In der US-Pressemitteilung zu den Airpods Pro 3(öffnet im neuen Fenster) fehlt ein deutlicher Hinweis auf diese Länderbeschränkung. Sie ist nur in dem verlinkten Support-Dokument(öffnet im neuen Fenster) beschrieben, das den irreführenden Titel Wie man Apple Intelligence erhält trägt, obwohl wir Informationen zur Live-Übersetzung suchen. In der deutlich später erschienenen deutschen Pressemitteilung(öffnet im neuen Fenster) zu den Airpods Pro 3 wurden die Übersetzungsfunktionen einfach ganz weggelassen."

Peter Steinlechner, Redakteur Smartwatches, Hardware und Spiele

" Zur Apple Watch Series 11 und Ultra 3 : Die neuen Hinweise auf möglichen Bluthochdruck gefallen mir sehr. Praktisch, dass dafür keine Manschette oder ein aufblasbares Armband nötig ist, sondern eine Schätzung ähnlich wie bei den Smartwatch-EKGs – für mich völlig ausreichend. Weniger begeistert bin ich vom Akku. Selbst die 42 Stunden der Ultra 3 wirken im Vergleich zur Konkurrenz wie ein schlechter Scherz. Für Apple-Nutzer mag das ein Fortschritt sein, mir reicht das nicht.

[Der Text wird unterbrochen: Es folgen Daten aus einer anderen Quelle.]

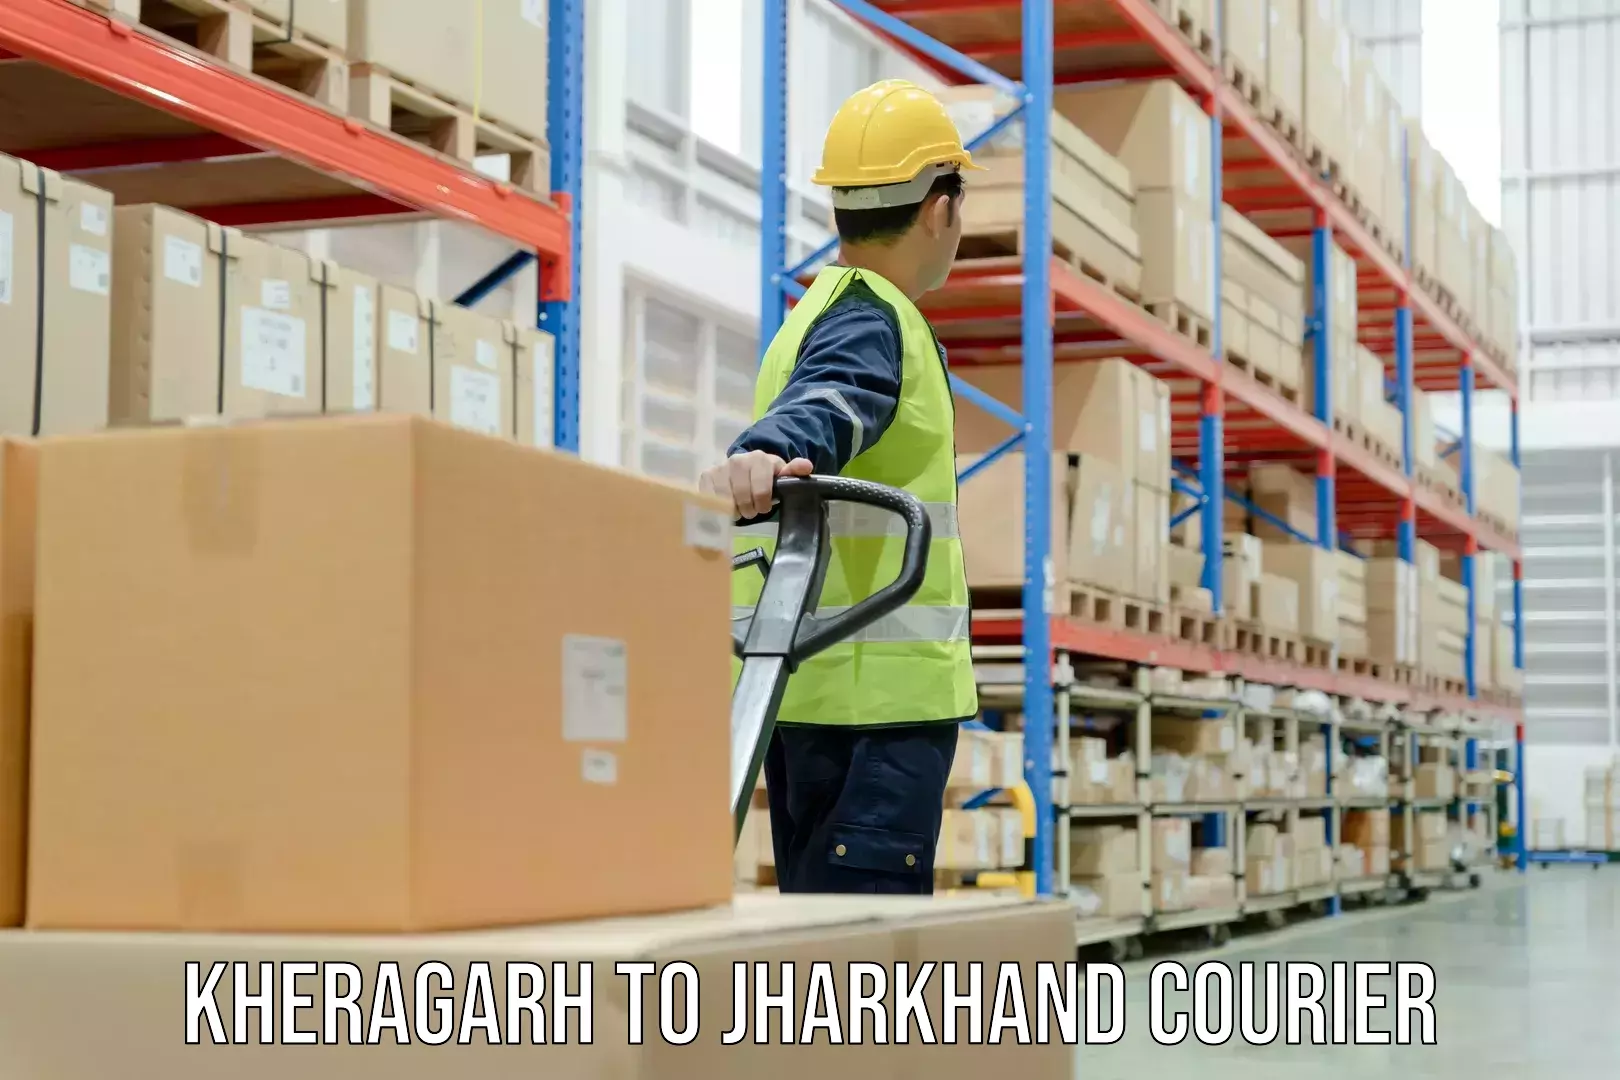 Cargo courier service Kheragarh to IIT Dhanbad

Zum iPhone 17: Bei den neuen Smartphones habe ich ein Dilemma. Die Pro-Modelle in Orange treffen genau meinen Geschmack, sogar das Case in Siena gefällt mir. Haben will ich es – aber mein jetziges iPhone läuft tadellos und das Pro Max 17 ist extrem teuer. Rechtfertigen ein paar Stunden mehr Laufzeit und die bessere Frontkamera den Kauf? Da ich fast nur Selfies mache, könnte das Upgrade durchaus Sinn ergeben. Oder warte ich besser, bis mein Provider es mit Vertrag günstiger anbietet? Ganz entschieden habe ich mich noch nicht."